:: Recorded information ::

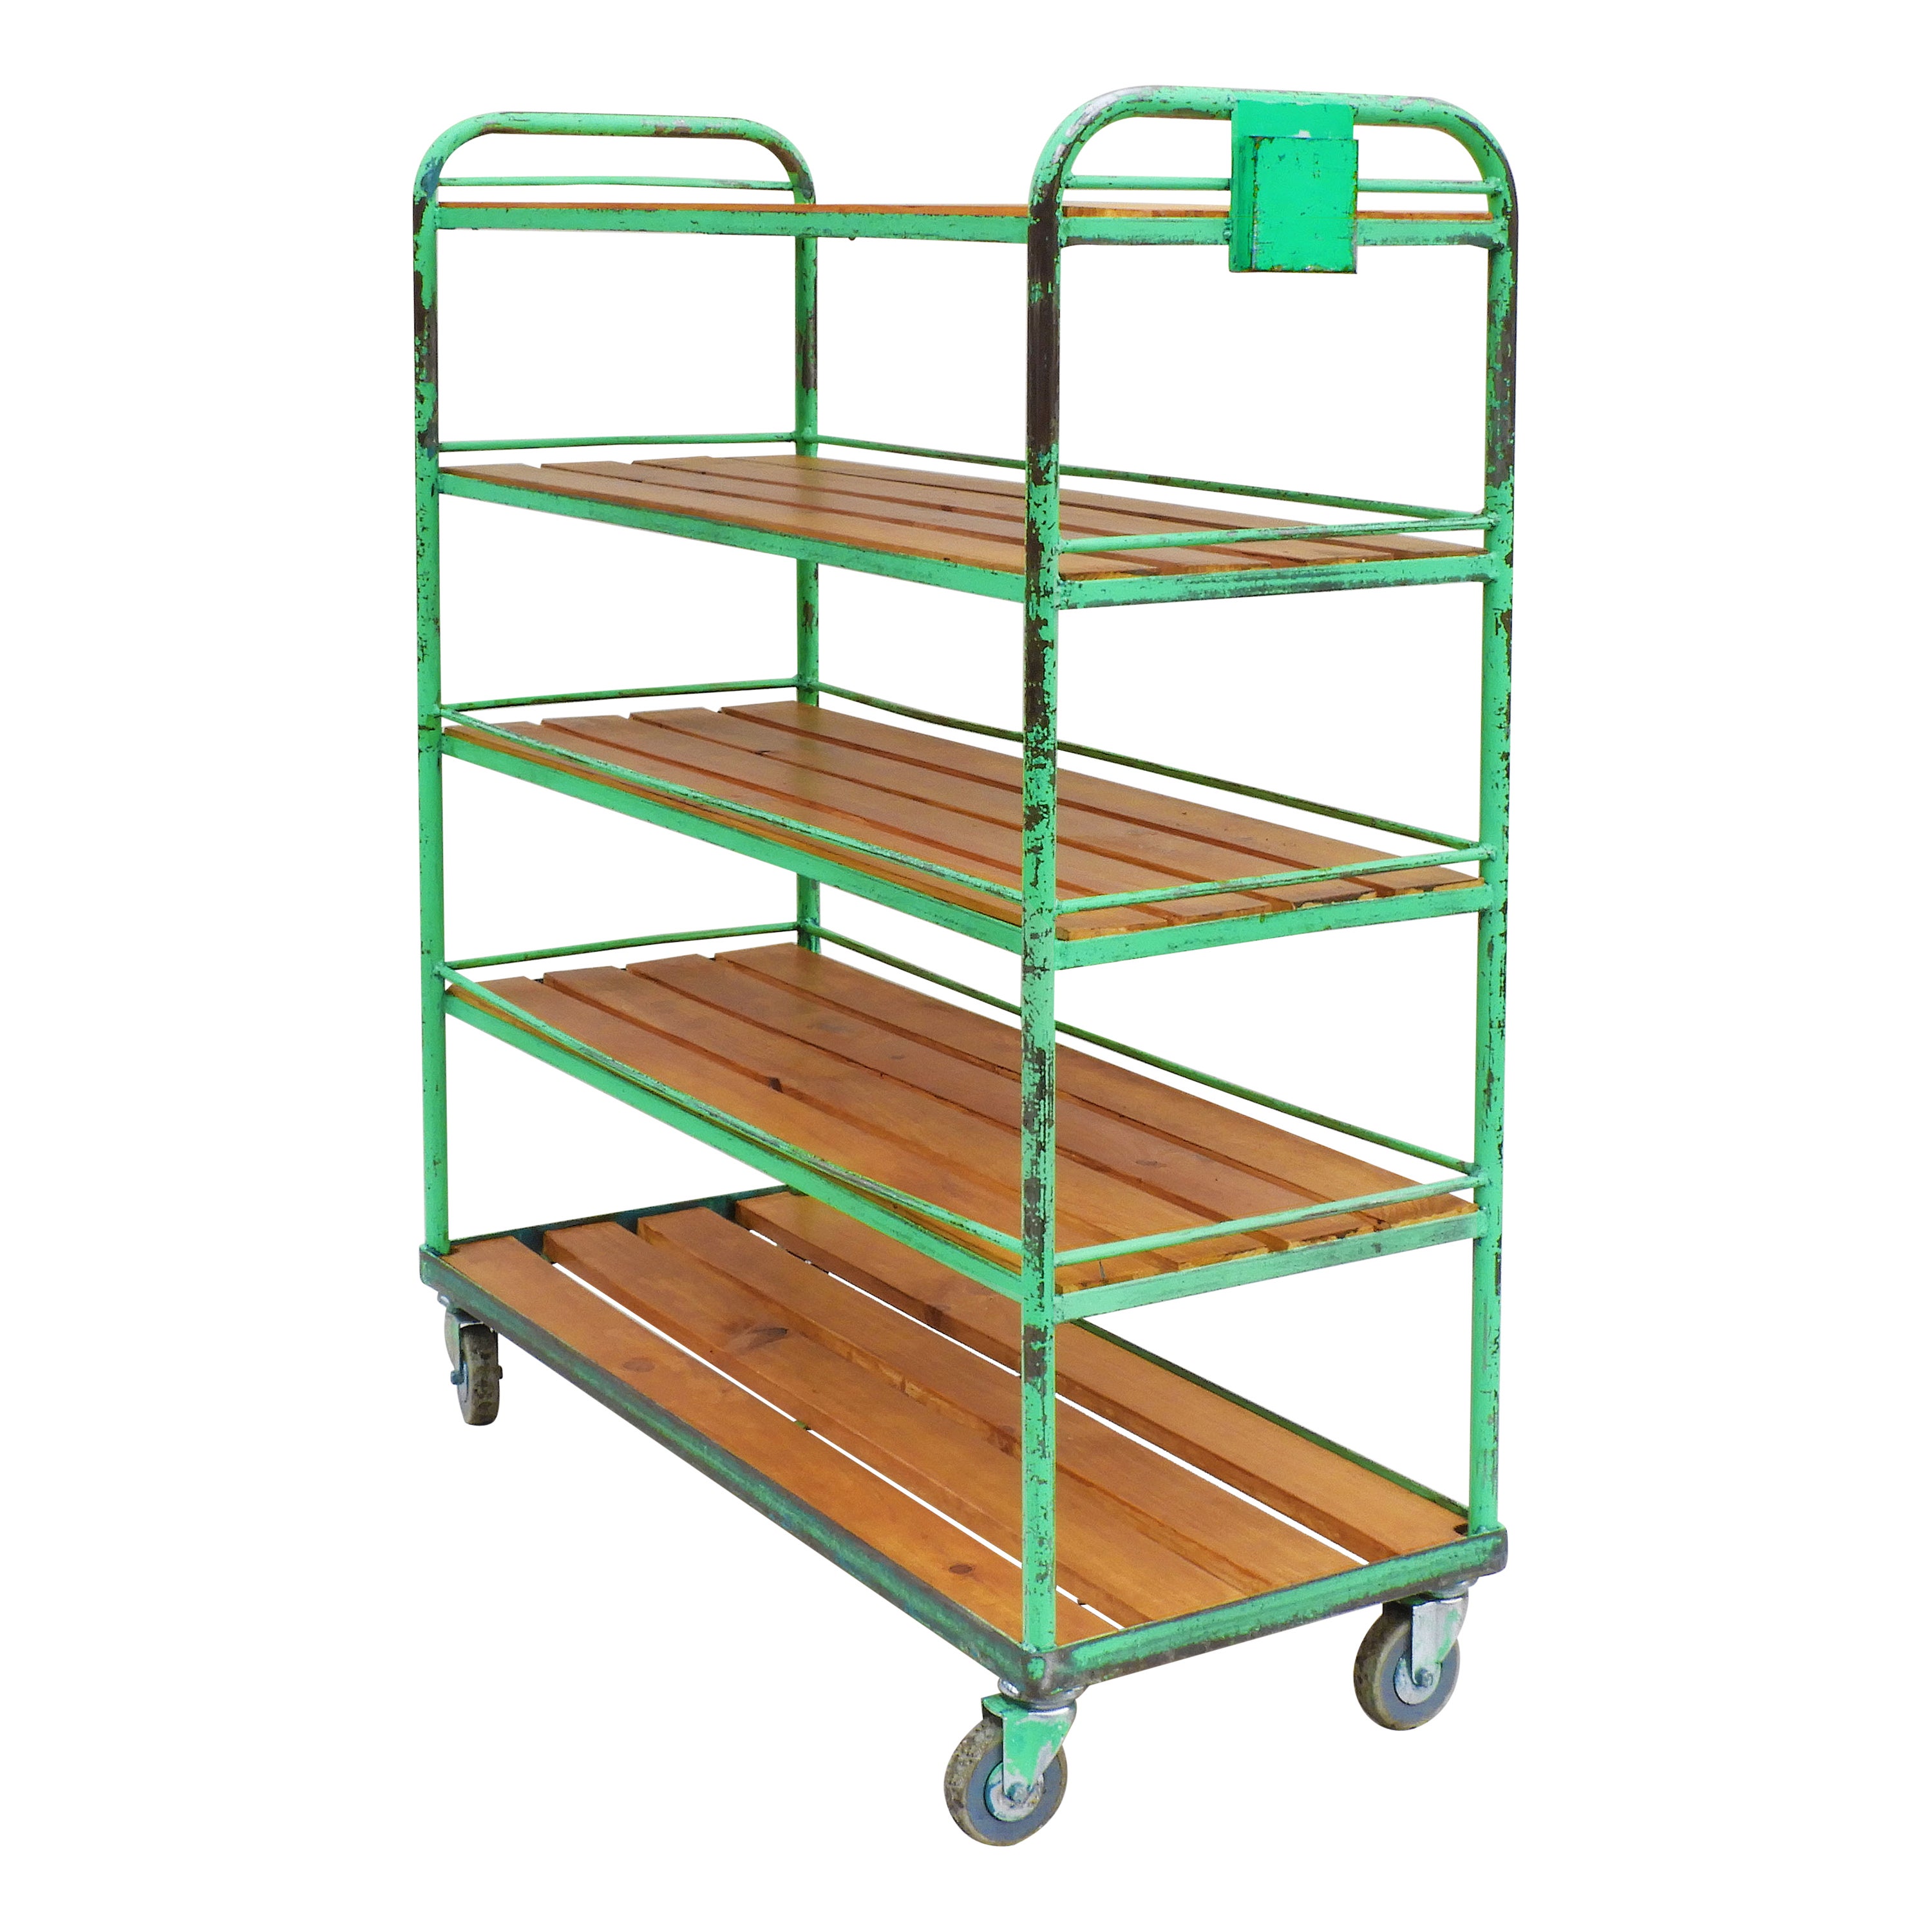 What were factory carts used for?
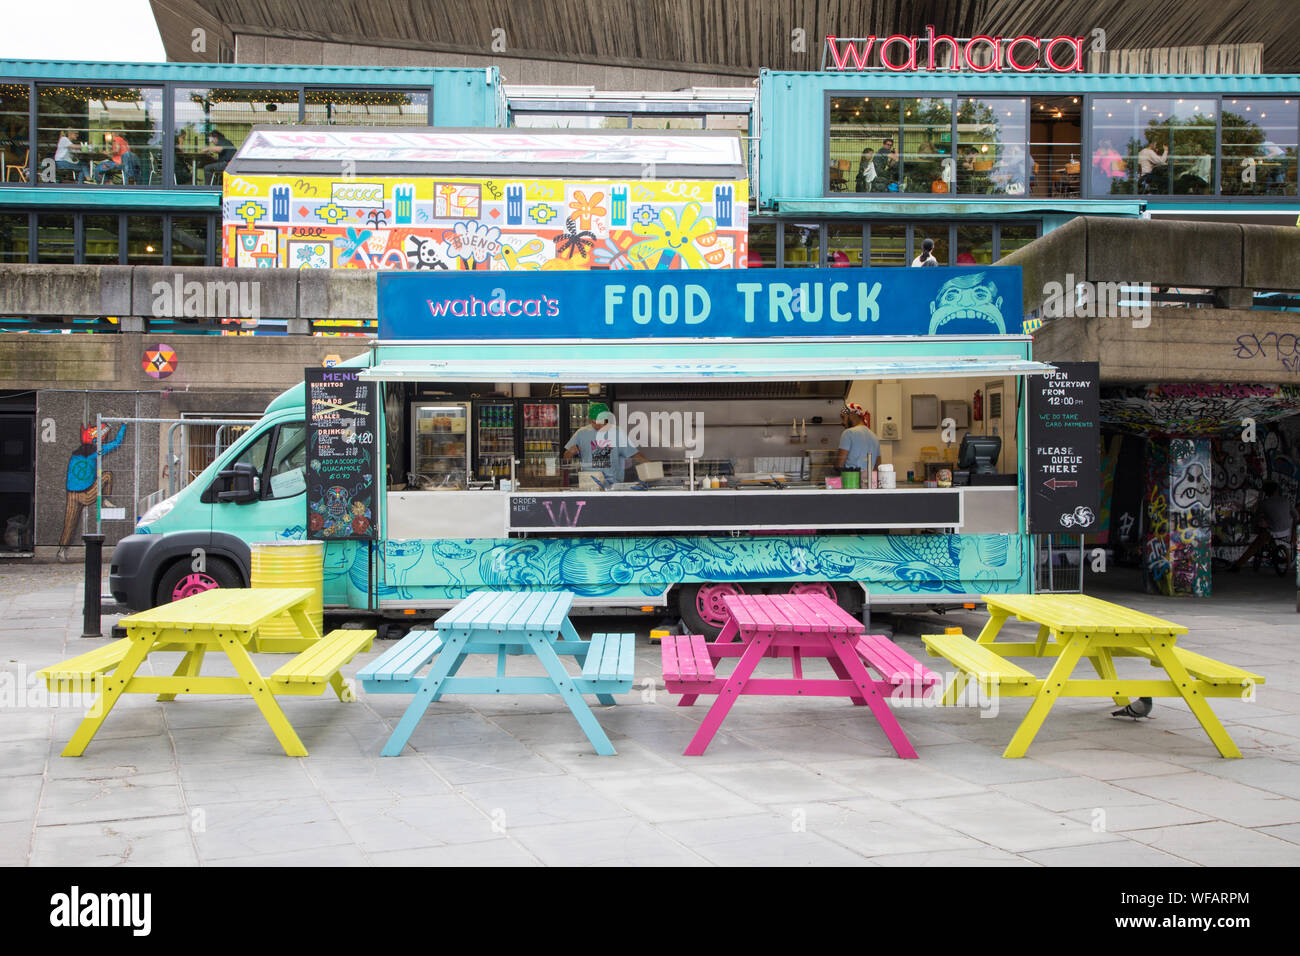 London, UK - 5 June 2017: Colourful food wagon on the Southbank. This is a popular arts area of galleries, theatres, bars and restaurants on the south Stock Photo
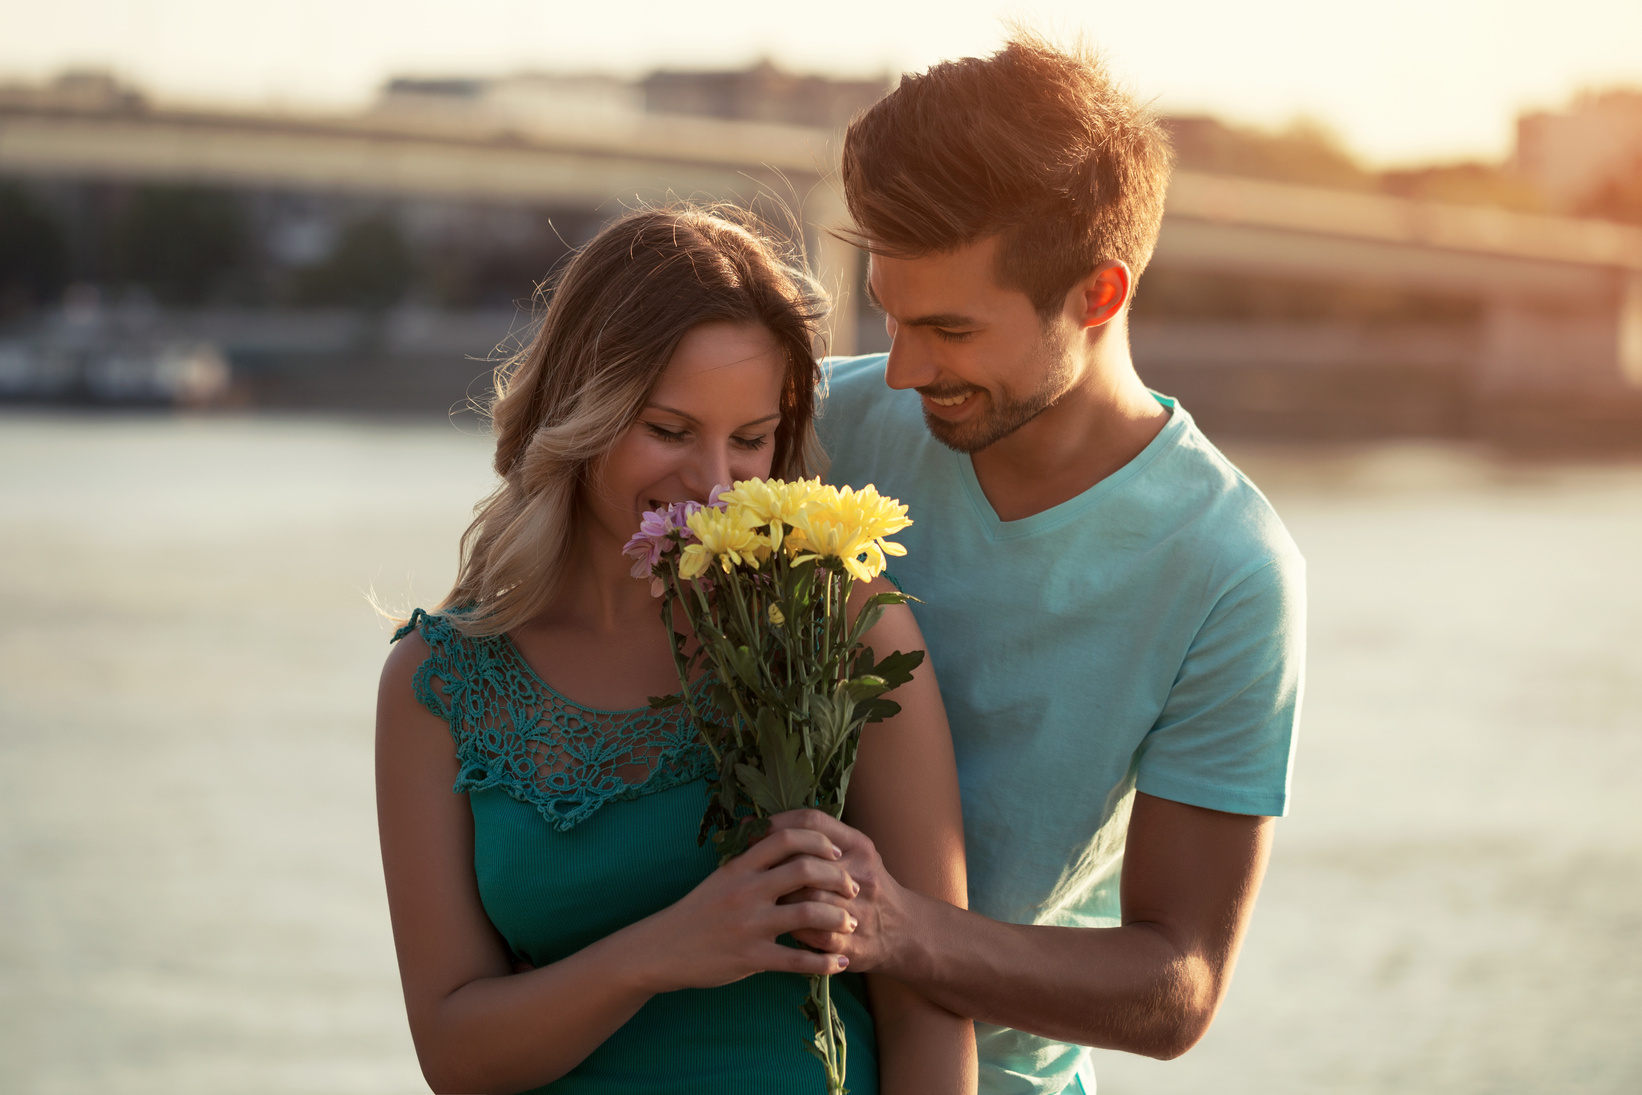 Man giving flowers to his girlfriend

:::

The expected answer is the data retyped exactly, without pictures.

Answer space:
 What were factory carts used for?
 London, UK - 5 June 2017: Colourful food wagon on the Southbank. This is a popular arts area of galleries, theatres, bars and restaurants on the south Stock Photo
 Man giving flowers to his girlfriend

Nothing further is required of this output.